WHAT IS EXPECTED: Starting at the first line and ending at the one with "Nach einem ausgiebigen", give the lines of the listing again exactly, and nothing else; skip the pictures.

DATASET CONTENT:
# # # #

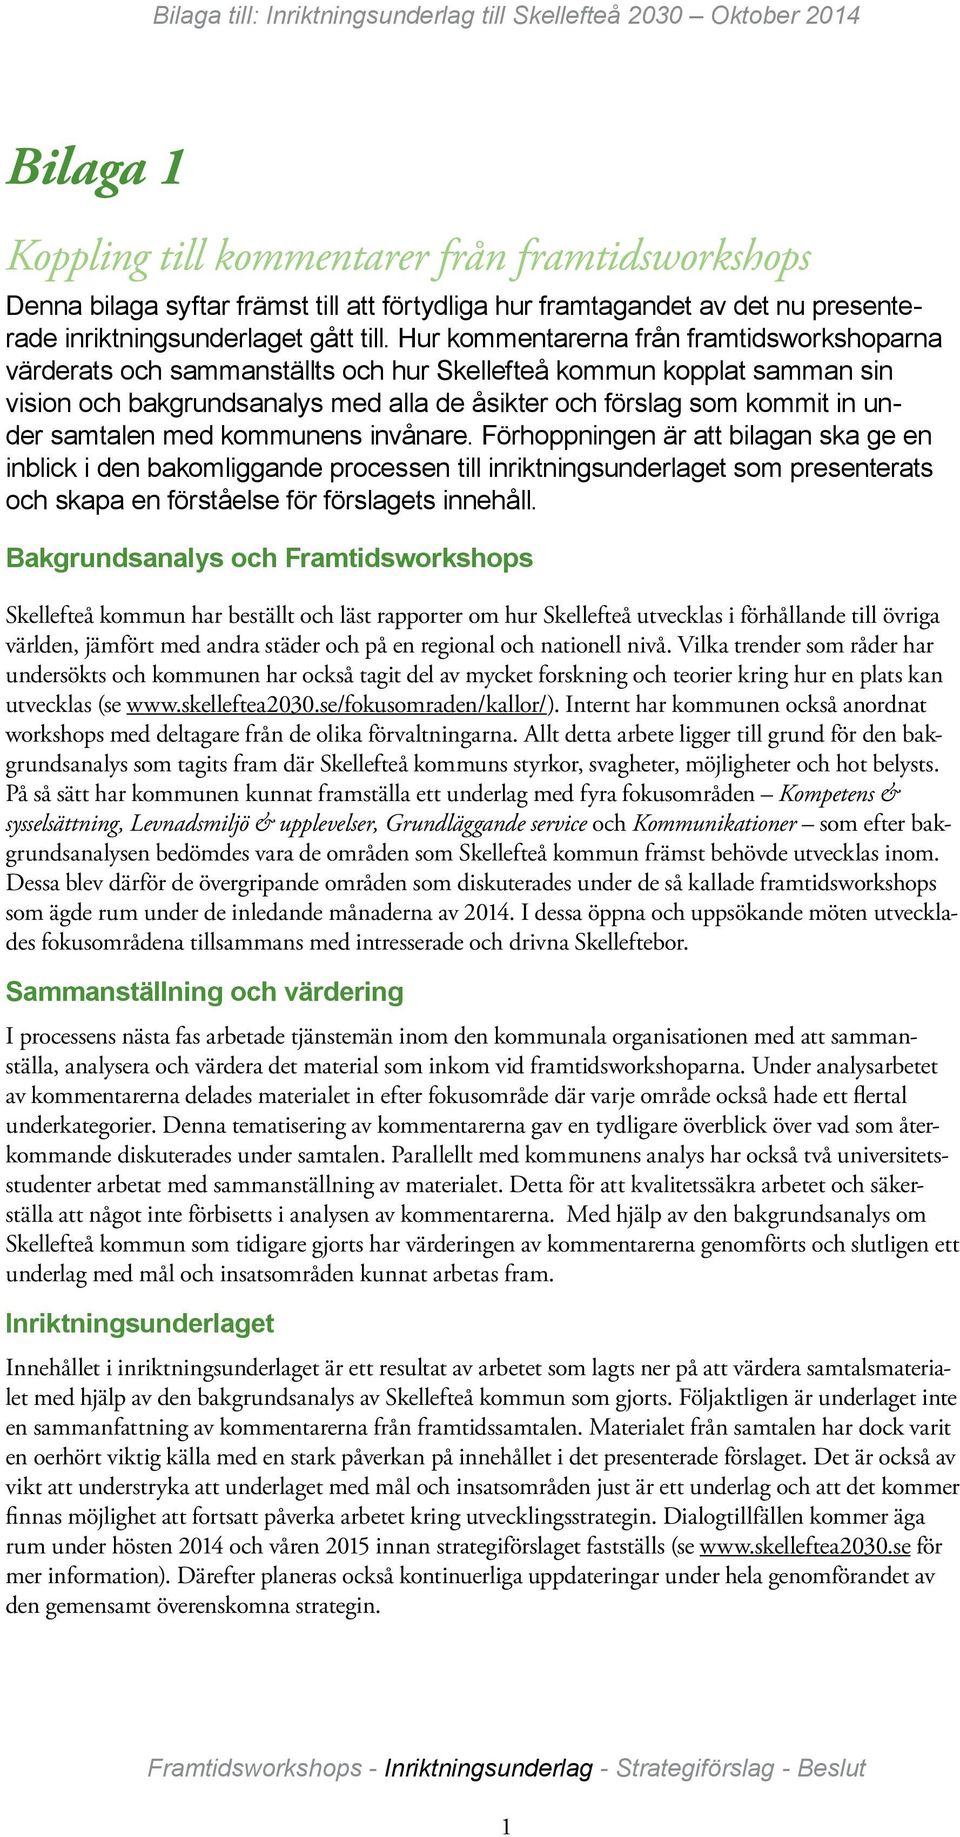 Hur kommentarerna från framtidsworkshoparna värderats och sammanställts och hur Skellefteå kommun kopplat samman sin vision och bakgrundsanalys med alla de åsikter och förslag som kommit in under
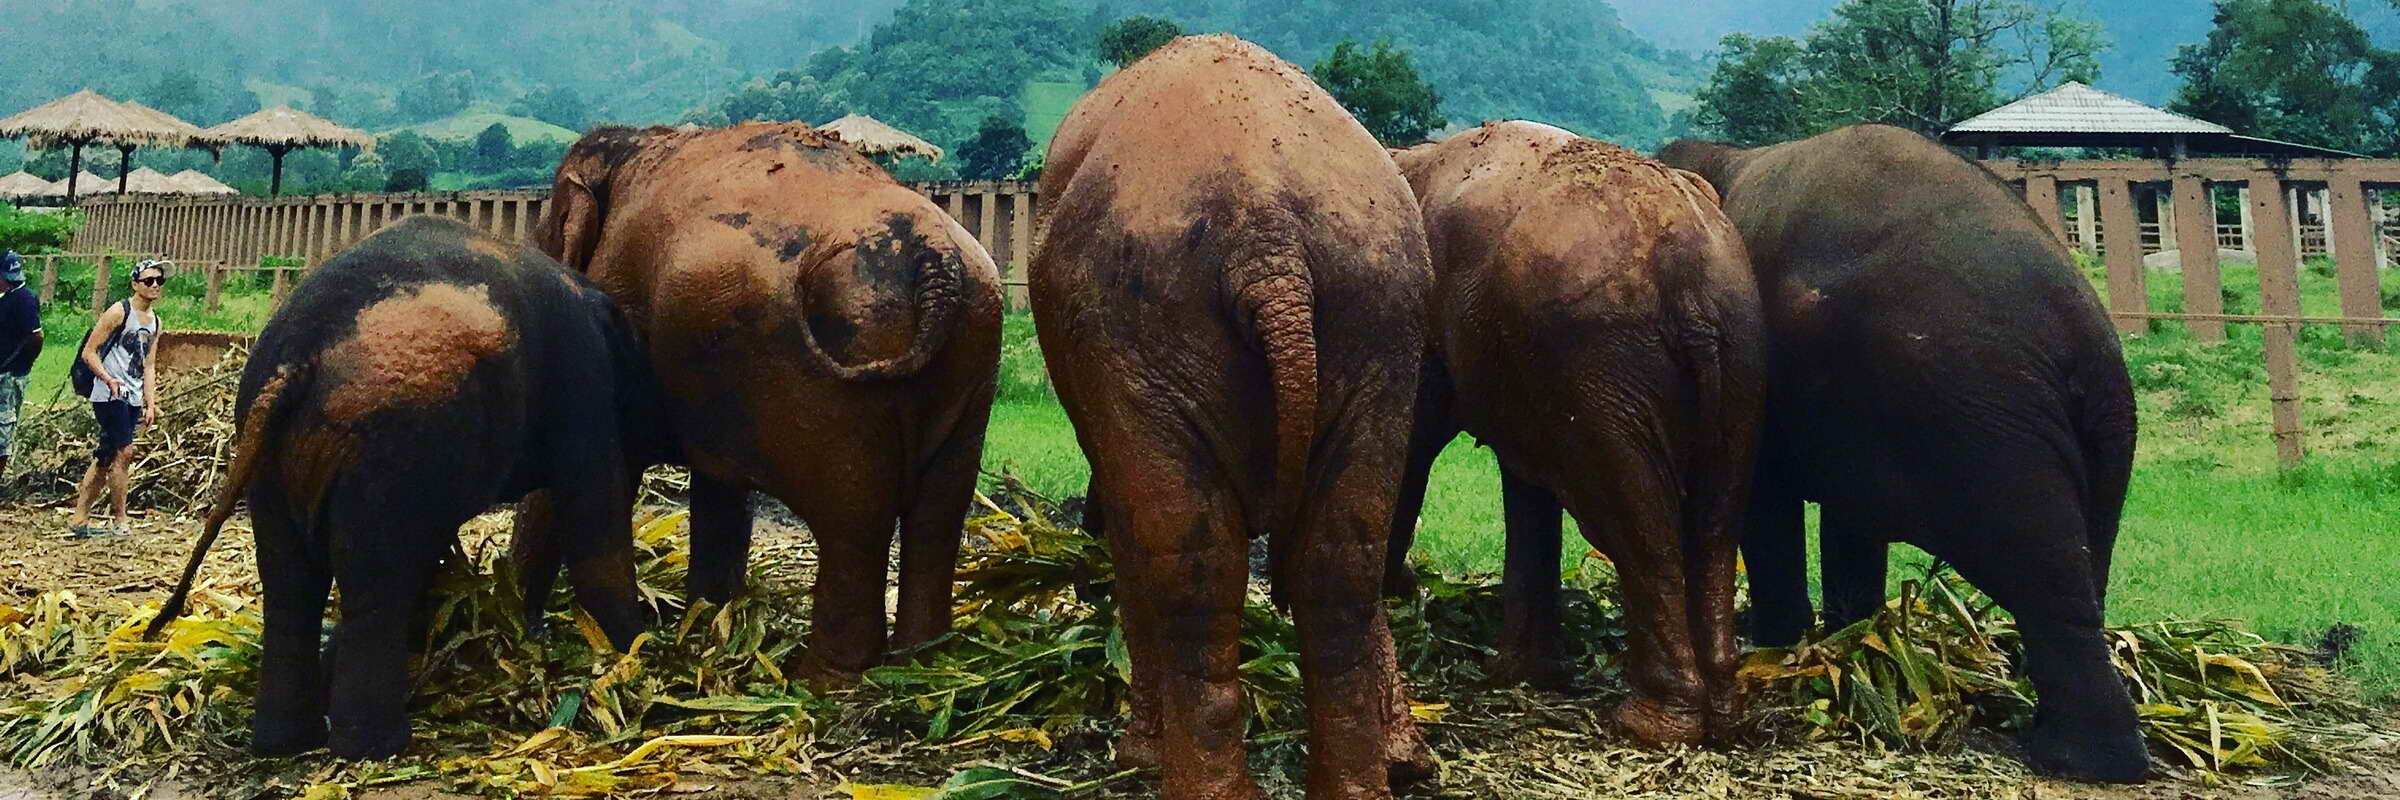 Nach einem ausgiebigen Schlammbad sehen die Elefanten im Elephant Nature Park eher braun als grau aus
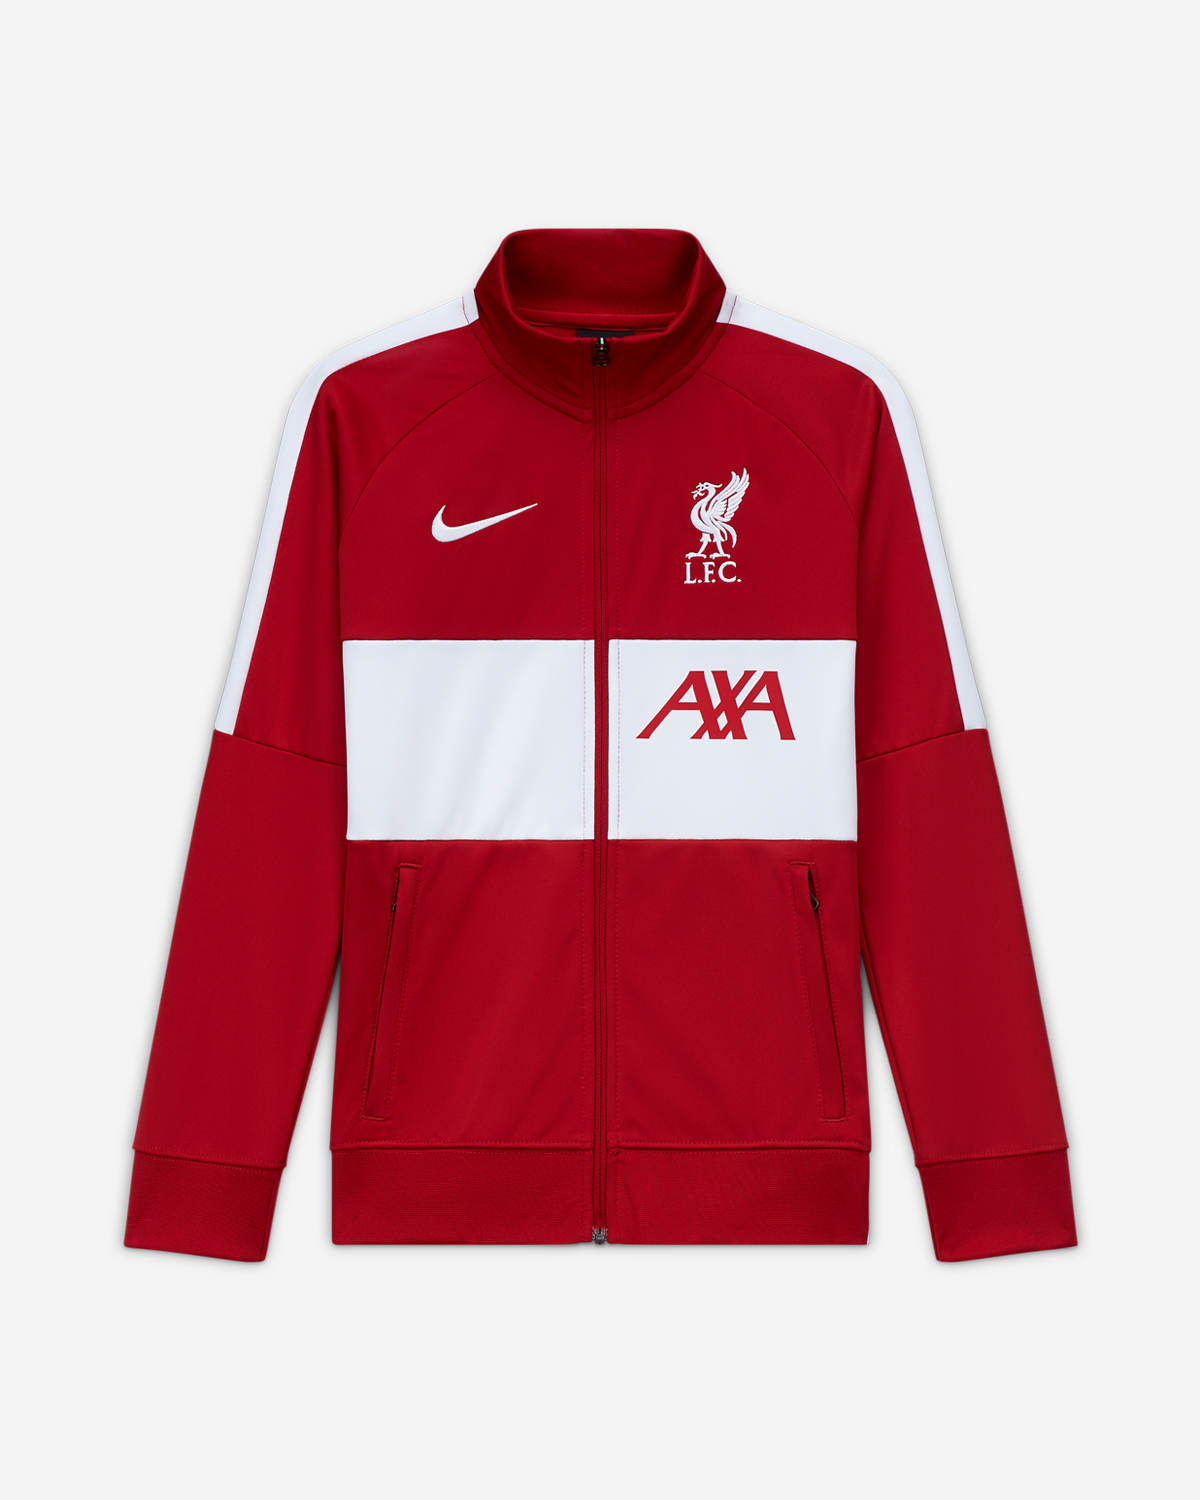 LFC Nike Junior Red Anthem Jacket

# # # #

EXERCISE RESPONSE:
 Hur kommentarerna från framtidsworkshoparna värderats och sammanställts och hur Skellefteå kommun kopplat samman sin vision och bakgrundsanalys med alla de åsikter och förslag som kommit in under
 Nach einem ausgiebigen Schlammbad sehen die Elefanten im Elephant Nature Park eher braun als grau aus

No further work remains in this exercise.